Facebook Pilots Anti-Hate Speech Moderation Team Because, Y’know, All The Nazis And Stuff

Facebook Pilots Anti-Hate Speech Moderation Team Because, Y’know, All The Nazis And Stuff

Four million. That’s the number of pieces of content on Facebook that the platform claims it took action against for containing hate speech from January to March this year, according to its most recent transparency report. (And to put a fine point on it, that’s just the content it actually caught.) In a press briefing this afternoon, vice president of global operations Justin Osofsky teased a plan to pilot a subgroup of moderators who are specifically tasked with handling hate speech.

“We’re launching a pilot program where some reviewers specialize in hate speech,” Osofsky said. “Right now most of our reviewers look at content across the spectrum. By focusing on hate speech enforcement, these reviewers will establish a deeper understanding of how it manifests, and be able to make more accurate calls.”

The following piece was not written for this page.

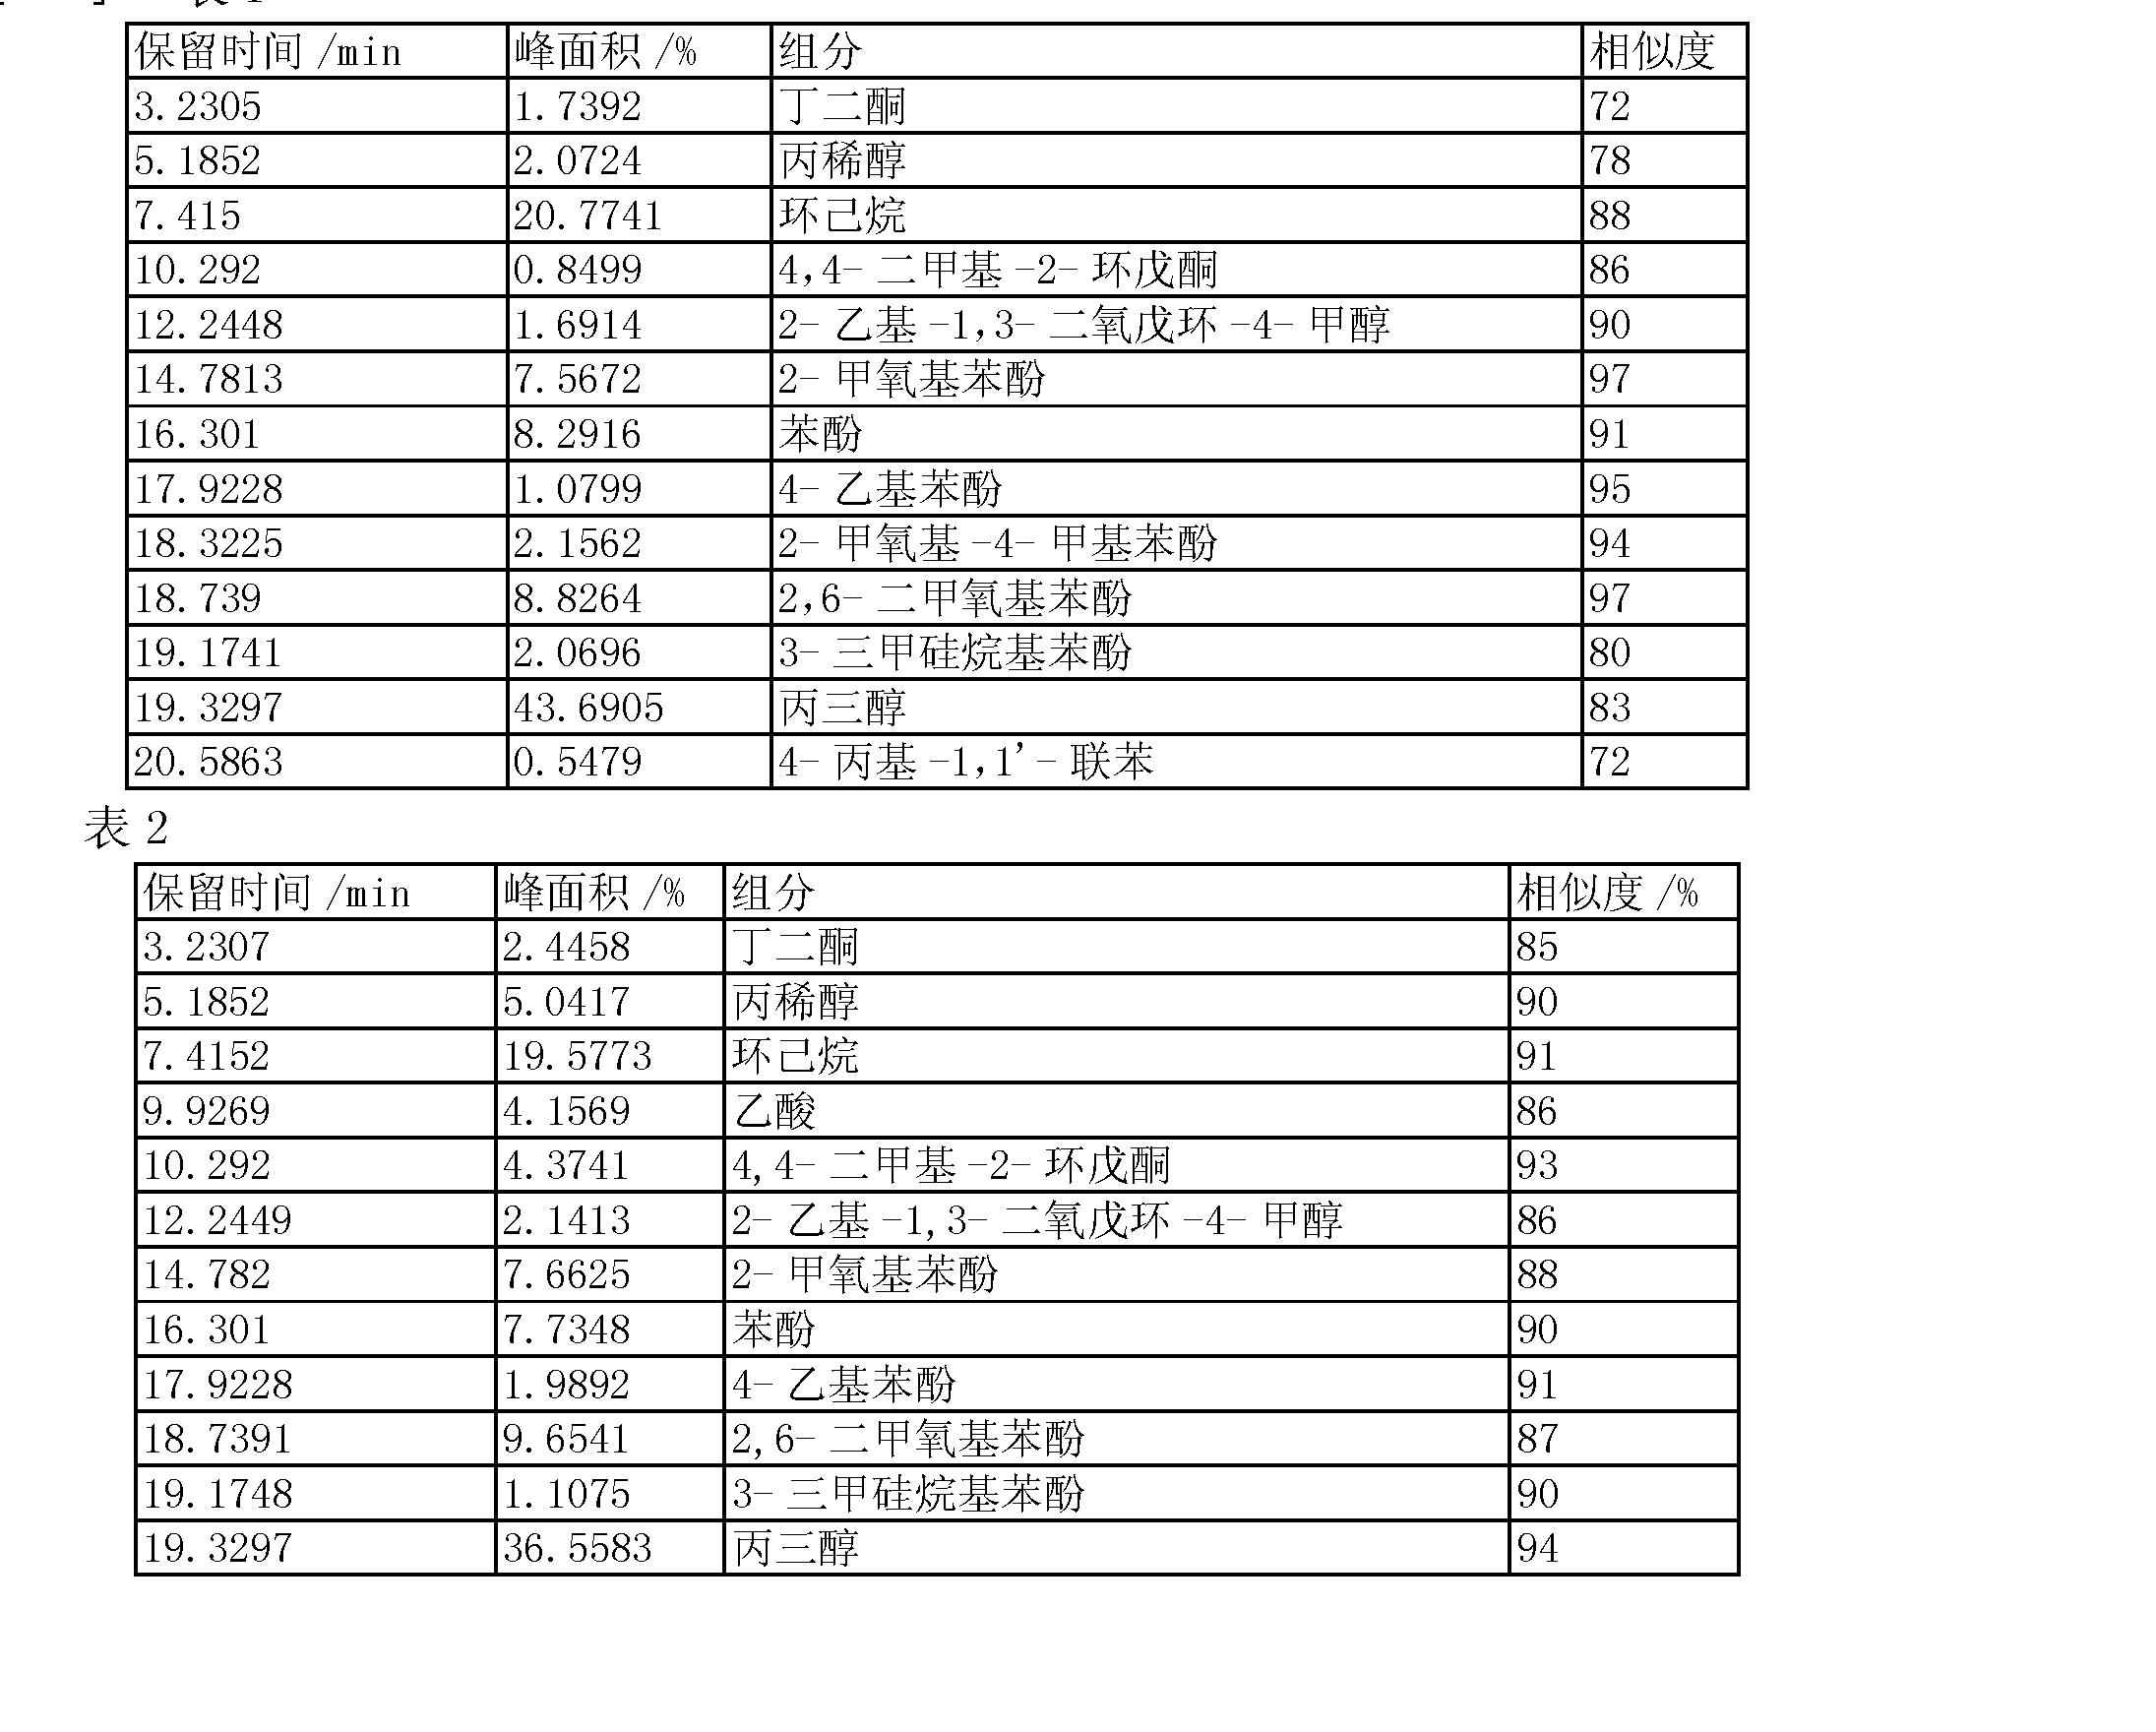 其中A为酚类化学品检测的总峰面积,Atl为内标物环己烷检测的峰面积,M1为产物中酚类化学品总质量,Mtl为内标物质量。 [0014] 与现有的传统木质素液化方法相比,本发明具有以下优点: (1)本发明用固体酸类催化剂的热化学转化方法具有明显的成本优势。尤其是硅铝酸价格低廉,可多次回收再利用,回收工序简单、方便。木质素转化方法成本主要取决于溶剂和催化剂的成本,本发明中所用的溶剂丙三醇和催化剂硅铝酸均可以回用于再生产,而且分离工序所用二氧六环/水的混合液,也可用蒸发的方法回收,这样就大大降低了生产成本; (

Facebook clarified that rather than hire on new personnel for this effort, existing moderators would be moved over. “The pilot has already launched […] with only a couple dozen reviewers. We need to start slow so as not to impact other areas of work and ensure we are doing this properly both in terms of process and support,” the spokesperson told Gizmodo. “Simultaneously we are thinking through how to provide any necessary support to these reviewers and whether that is limiting the amount of time, additional measures of support, or other means.”

Facebook recently announced increases to pay and benefits for its moderators following years of critical coverage around the working conditions of content reviews.

Facebook’s report indicates that the amount of hate speech being acted on has been growing steadily. Whether that’s a result of Facebook better enforcing its own rules or an uptick in this sort of content being posted is not clear from the numbers provided. In any case, those numbers are almost sure to spike in the company’s next transparency report: In March, the company finally decided include white nationalism and white separatism in its definition of hate speech.

While Facebook—and, hell, every other tech firm—touts AI as a catchall solution to the problem of moderating at massive scale, the transparency report reveals that the nuances of hate speech make it harder to act on proactively. While Facebook claims it’s been catching over 99 per cent of spam, terrorist propaganda, and child exploitation content on its platform before users flag it, the new transparency reports states that less than two-thirds of hate speech posts are similarly acted on before being reported by users. Hence, one assumes, the need for a specialised hate speech team.

Of course, the scale of Facebook makes it ripe for abuse, both of the hate speech and disinformation variety—and that’s not even mentioning the company’s own repeated failure to appropriately secure consumers’ data. Politicians like Elizabeth Warren and Bernie Sanders, as well as early Facebook figures Robert McNamee and Chris Hughes have all, as a result, called for the company to be broken up by antitrust laws—the very suggestion of which set Zuckerberg off on today’s call.

Claiming that the most pressing issues of the day would not be remedied by disentangling Facebook’s various products and business goals, the CEO half-bragged that, “the amount of capital we are able to invest in all the safety systems that go into what we’re talking about today [is] greater than the whole revenue of our company in the year before we went public, in 2012—just earlier this decade. In one decade the success of this company has allowed us to fund these efforts at a massive level. I think the amount of our budget that goes towards our safety systems is greater than Twitter’s whole revenue this year.”

“I really believe that the fight against harmful content is an incredibly important one,” Zuckerberg added. “We’re fully invested in this and we’ll continue to do even more and that’s kind of my view on this.”